Full Model Context Protocol implementation with lazy initialization for < 1s startup

  • Location: src/personal_doc_library/servers/mcp_complete_server.py
  • 17 specialized tools for document interaction
  • 5 prompt templates for workflows
  • 4 dynamic resources for real-time info
  • Async request handling with error recovery

🧠 SharedRAG Engine

Core retrieval-augmented generation system with vector embeddings

  • Model: sentence-transformers/all-mpnet-base-v2
  • 768-dimensional embeddings
  • Semantic search with synthesis
  • Cross-document analysis
  • MD5 hash-based deduplication
  • 30-minute lock timeout protection

📊 ChromaDB Vector Store

High-performance vector database for document embeddings

  • Persistent storage with WAL mode
  • Metadata filtering support
  • Cosine similarity search
  • Storage: ~1MB per 100 pages
  • Telemetry disabled: CHROMA_TELEMETRY=false

📁 Document Loaders

Comprehensive file format support with intelligent processing

  • PDF with OCR (ocrmypdf integration)
  • Word/PowerPoint/Excel (LibreOffice)
  • EPUB (ebooklib + pandoc)
  • MOBI/AZW/AZW3 (Calibre ebook-convert)
  • Apple Mail EMLX (native parser)
  • Outlook OLM (archive extraction)

Background Services

Automatic monitoring and indexing services

  • Index Monitor with file watching
  • LaunchAgent service support (macOS)
  • Web Dashboard at localhost:8888
  • Progress tracking and status updates
  • Failed document management
  • Automatic retry with backoff

MCP Protocol Implementation

🔧 Tools (17 Available)

Search & Discovery

search
Semantic search with optional book/email filtering and AI synthesis. Returns chunks with relevance scores.
list_books
List documents by pattern (fnmatch), author, or directory. Includes metadata like chunks and page counts.
recent_books
Find recently indexed documents by hours or days. Groups by time periods (today, yesterday, this week).
find_practices
Discover specific techniques and practices. Uses category filtering for practice-focused content.

Content Extraction

extract_pages
Extract specific pages from PDFs. Supports ranges (1-5), lists [1,3,5], or single pages.
extract_quotes
Find notable quotes on topics. Uses regex patterns for quote detection with attribution.
summarize_book
Generate AI summaries of documents.
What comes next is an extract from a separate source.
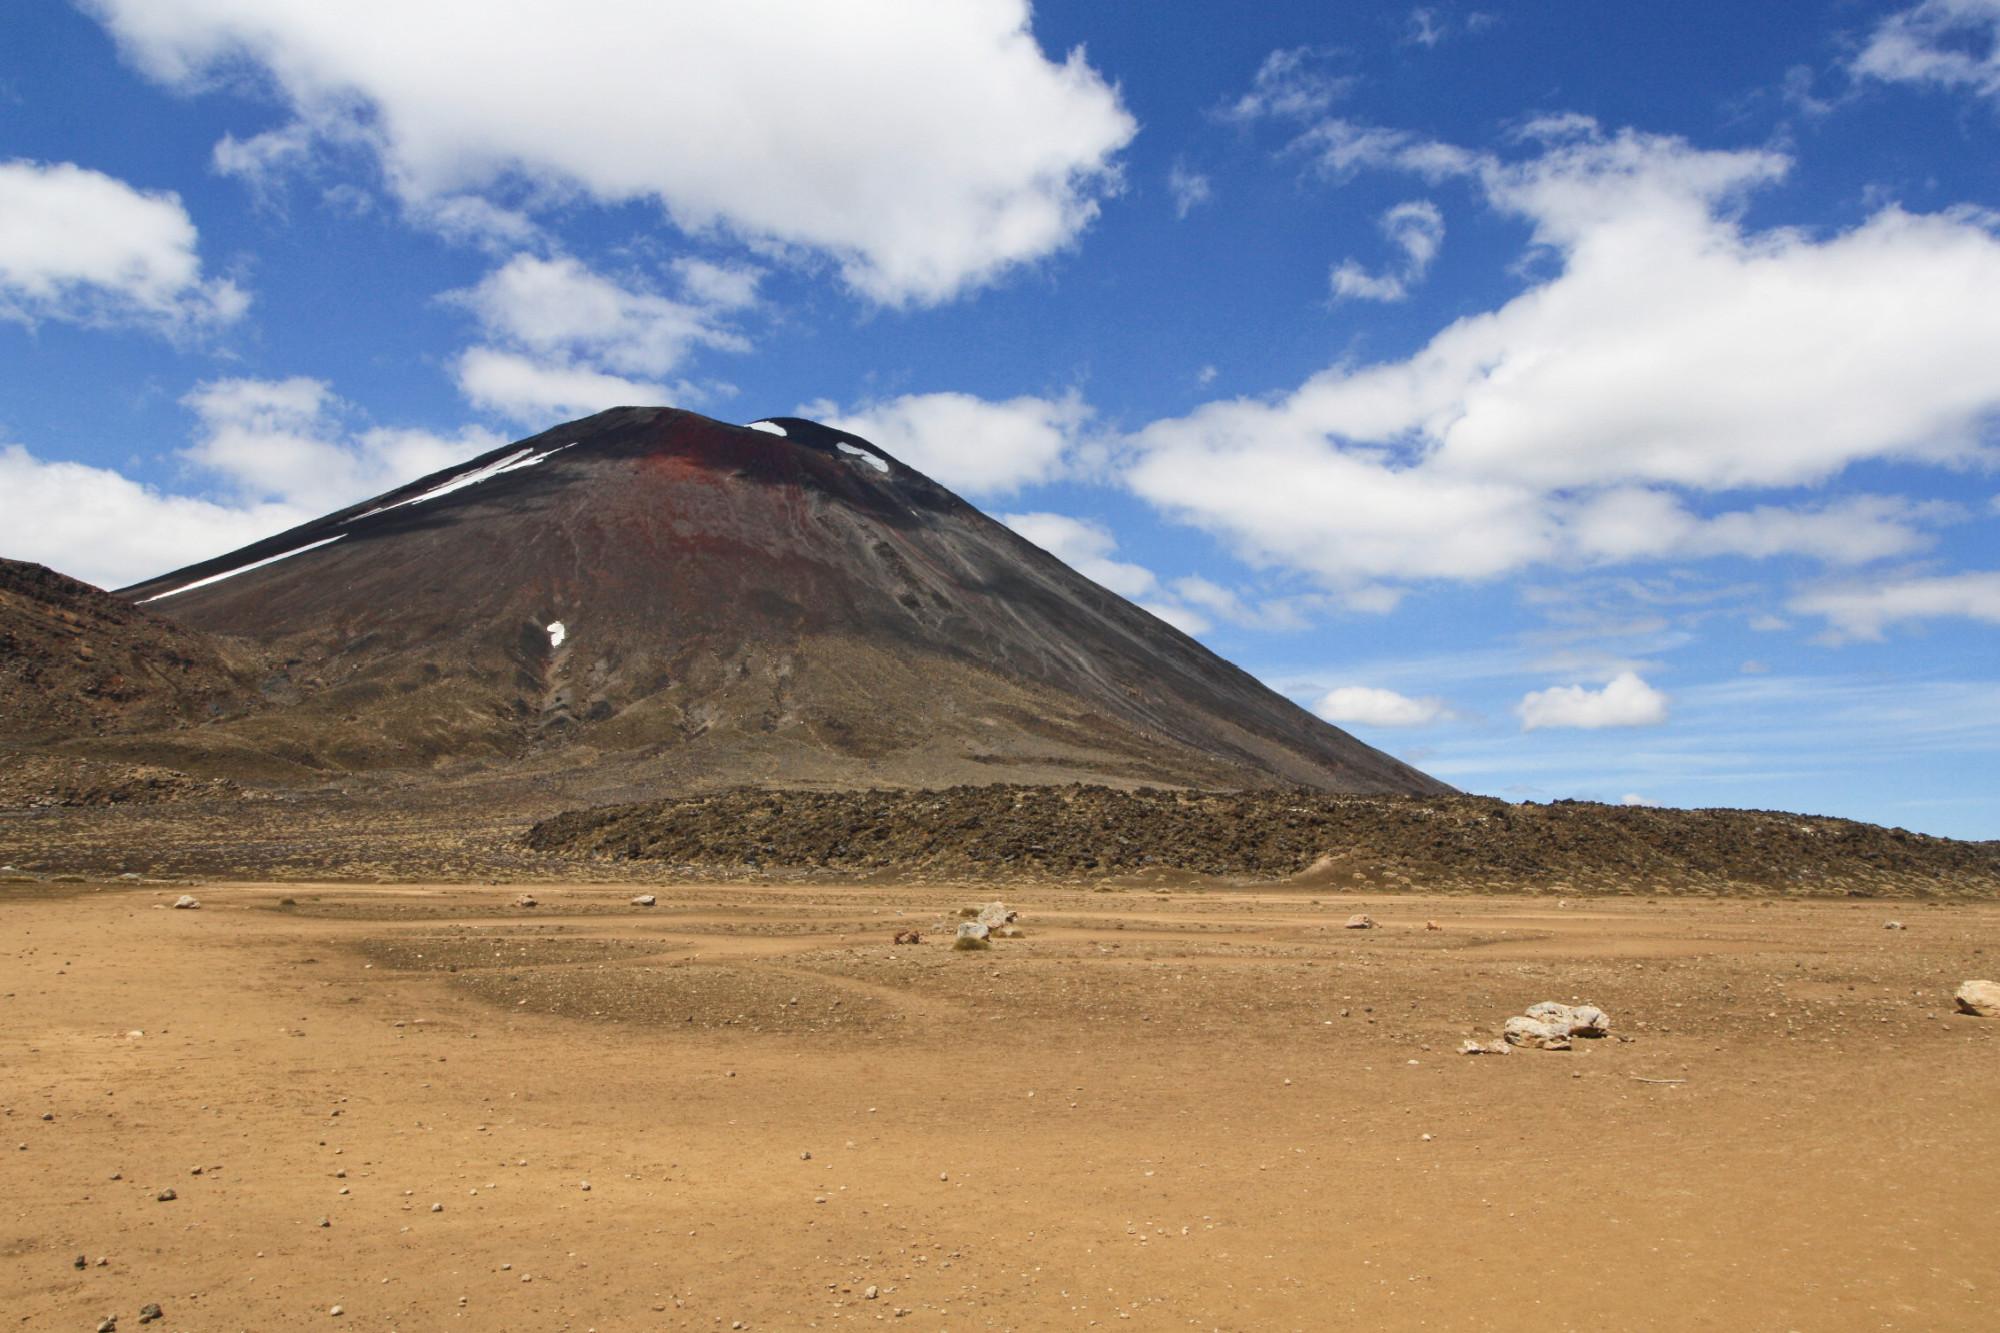 Mont ruahepu

Options for brief (10-15 chunks) or detailed (all chunks).

Analysis & Synthesis

compare_perspectives
Compare viewpoints across multiple sources. Creates comparison matrices with similarities and differences.
question_answer
Direct Q&A from library. Analyzes question type (factual/conceptual/practical) for optimization.
daily_reading
Suggested daily passages. Maintains reading history to avoid repetition.

System Management

library_stats
Comprehensive statistics: document count, chunks, storage size, indexing status.
index_status
Detailed indexing progress with PID checking and stale lock detection.
refresh_cache
Refresh search cache and reload book index. Forces reconnection to ChromaDB.
warmup
Initialize RAG system to prevent timeouts. Pre-loads ~4GB embedding model.
find_unindexed
Find unindexed documents. Categorizes as New, Modified, or Failed.
reindex_book
Force reindex specific document. Full cleanup before reprocessing.
clear_failed
Clear failed document list. Creates backup before clearing.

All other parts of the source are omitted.